(THE DATA begins)

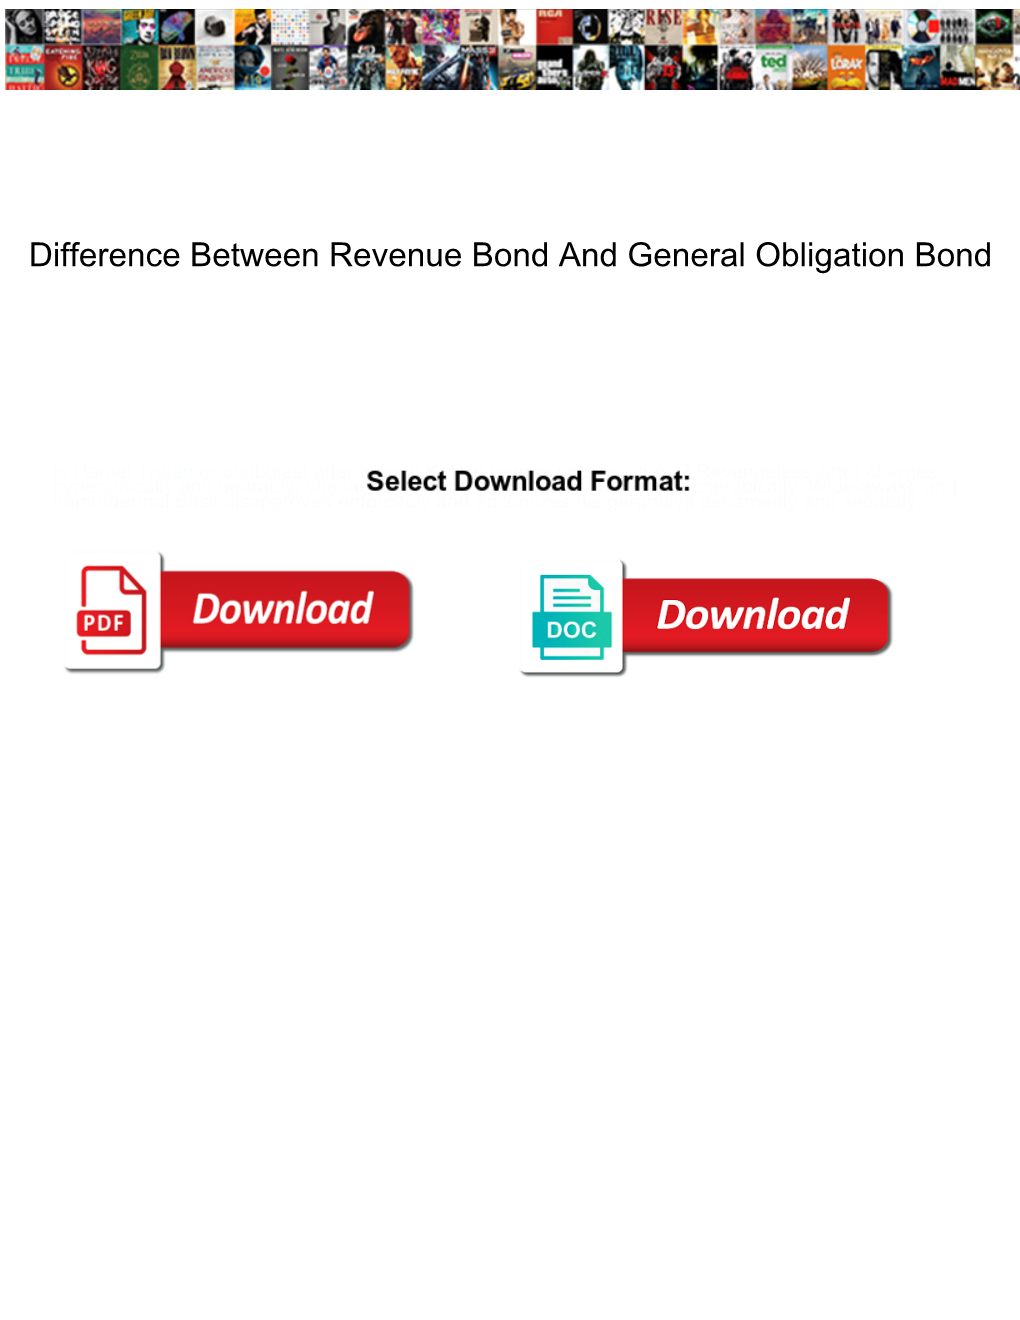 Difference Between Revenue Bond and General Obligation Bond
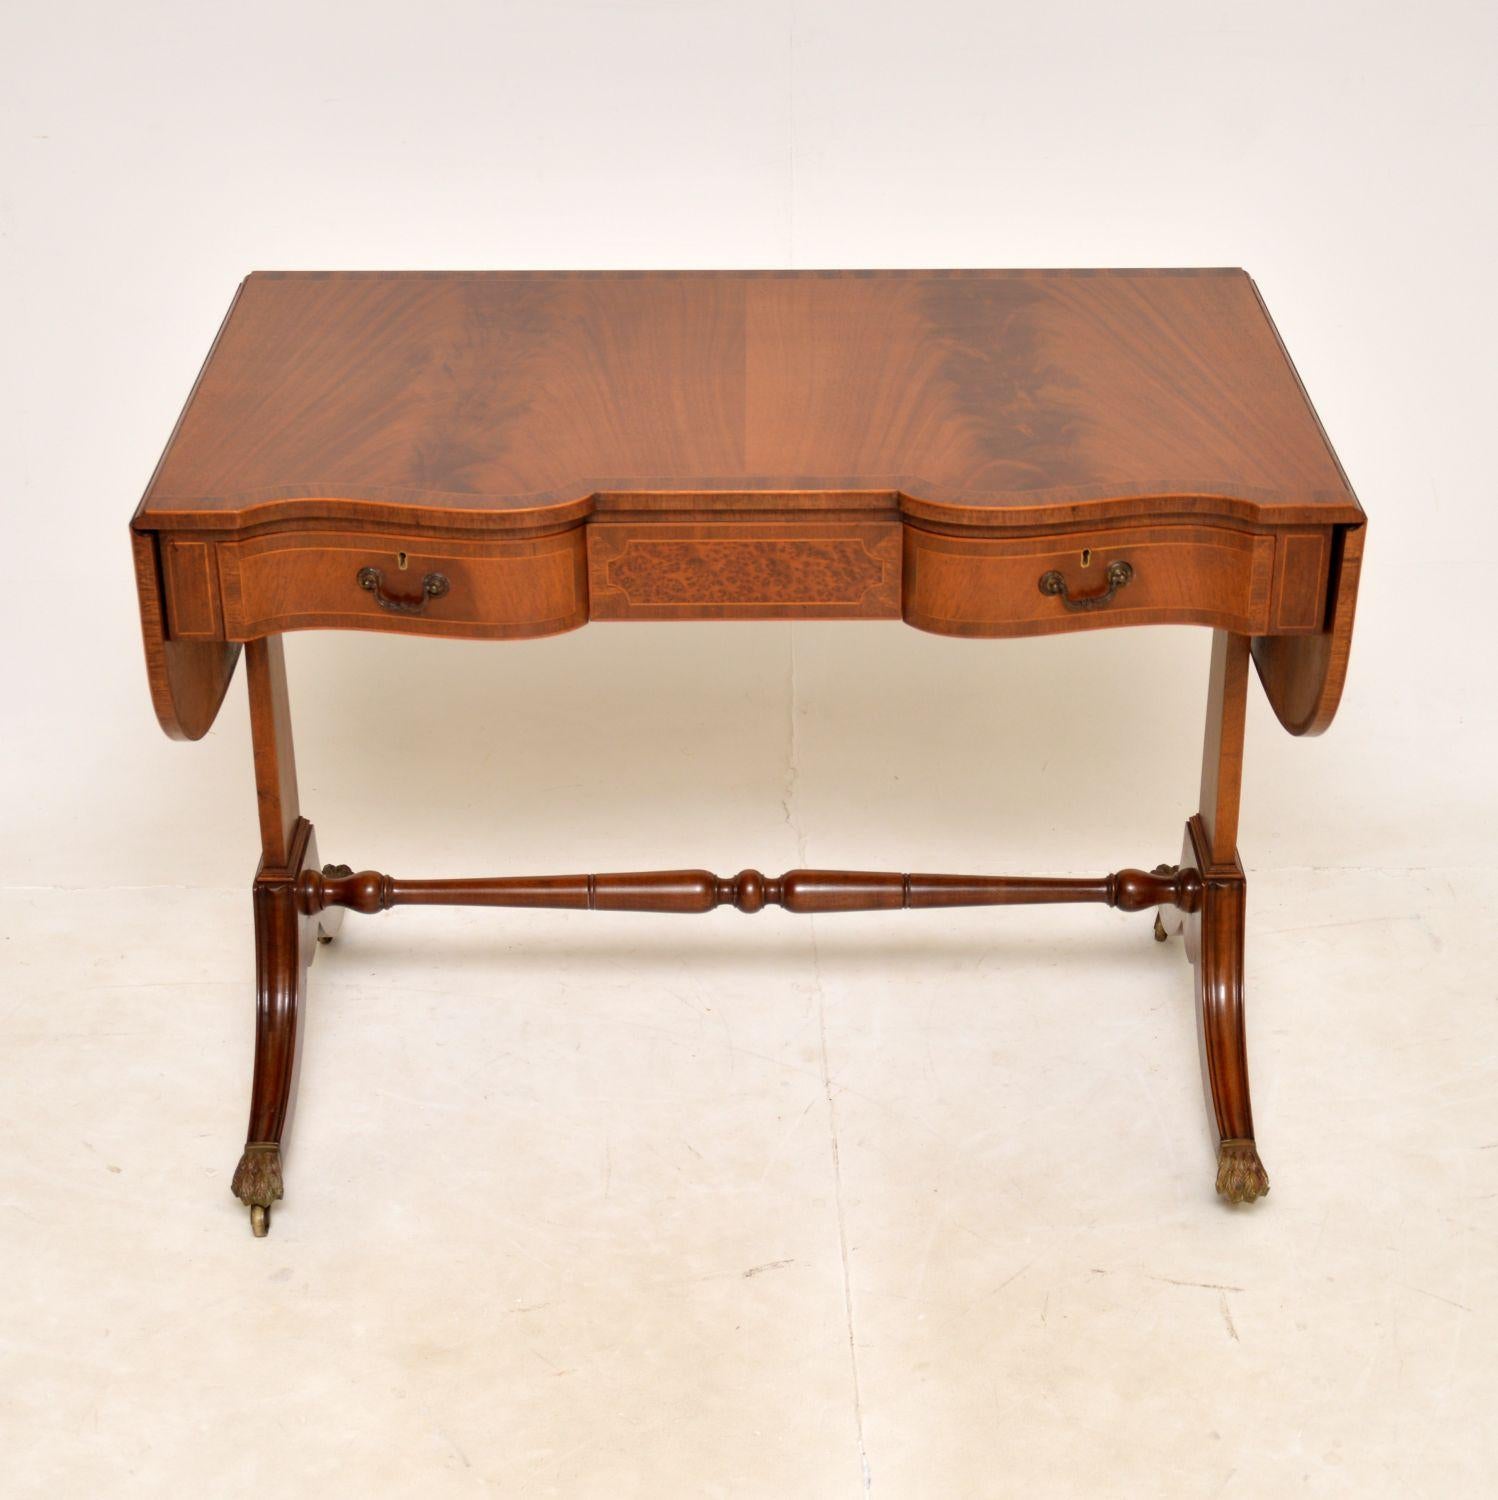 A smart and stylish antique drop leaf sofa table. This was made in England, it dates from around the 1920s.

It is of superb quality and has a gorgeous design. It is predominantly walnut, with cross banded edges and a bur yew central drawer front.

(THE DATA ends)
(THE DATA begins)

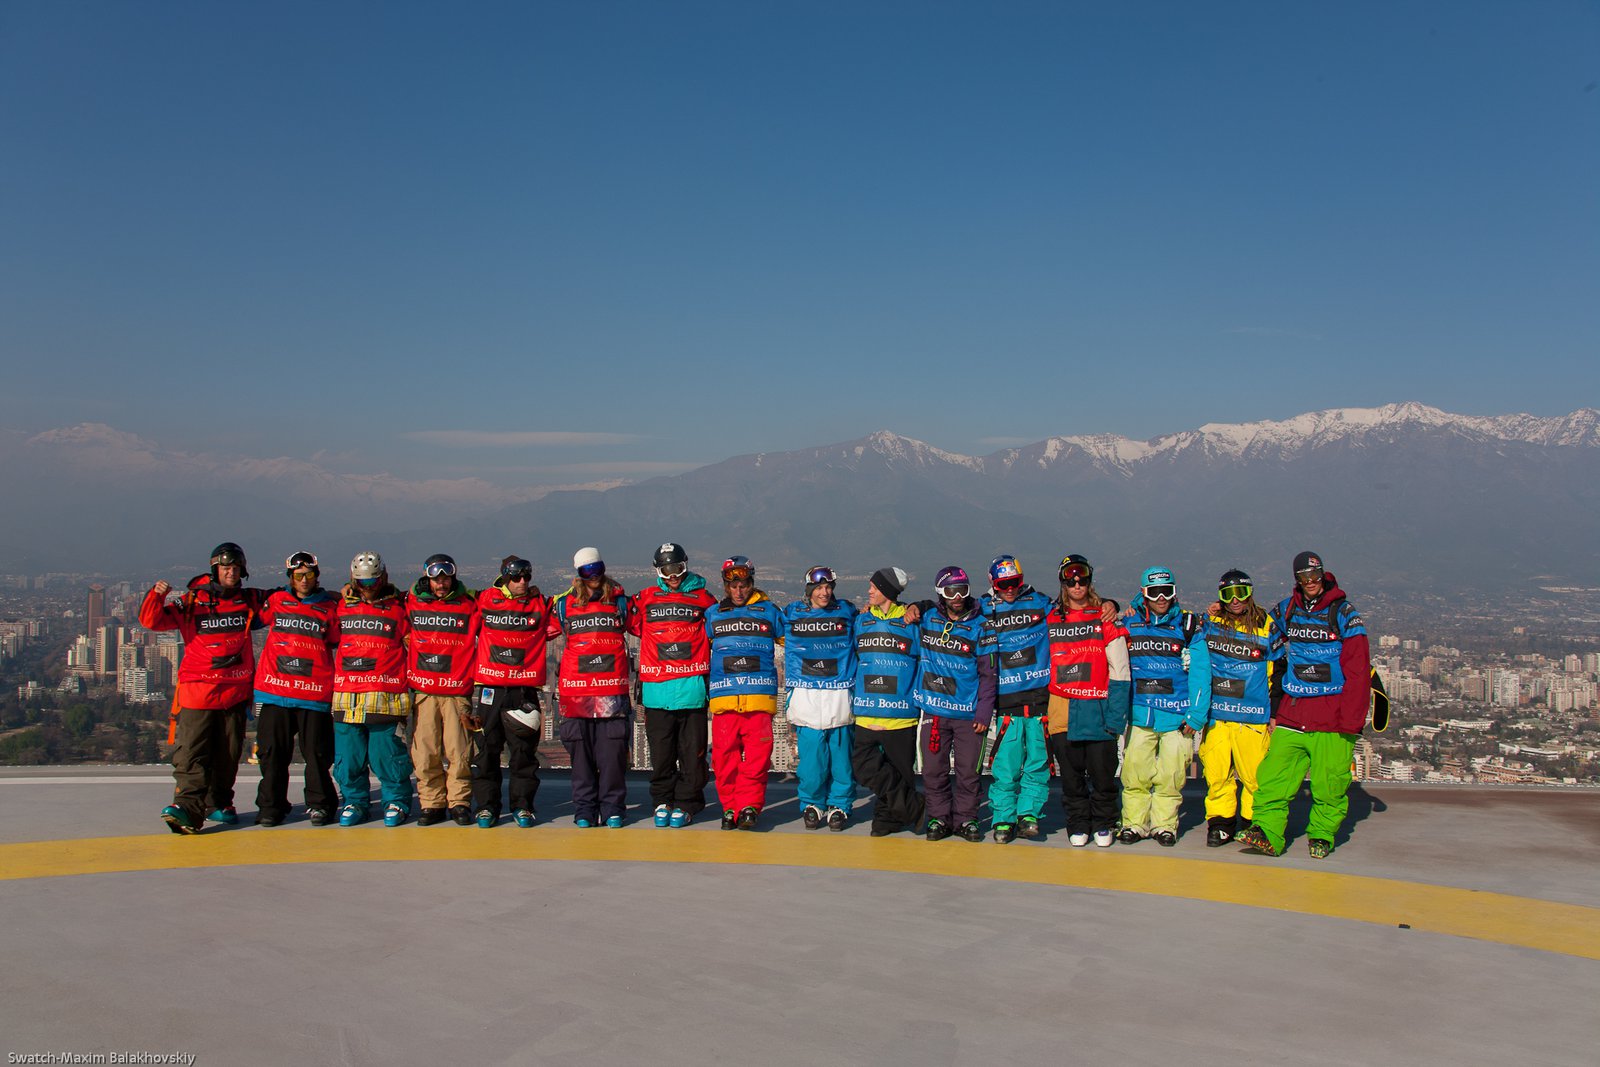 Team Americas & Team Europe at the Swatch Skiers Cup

(THE DATA ends)

YOUR INSTRUCTIONS:
Lines from the one above containing "Difference Between Revenue" down to the one containing "It is of superb" should be transcribed exactly, with both ends kept and no pictures.

SOLUTION FOR THIS TASK:
 Difference Between Revenue Bond and General Obligation Bond
 A smart and stylish antique drop leaf sofa table. This was made in England, it dates from around the 1920s.

It is of superb quality and has a gorgeous design. It is predominantly walnut, with cross banded edges and a bur yew central drawer front.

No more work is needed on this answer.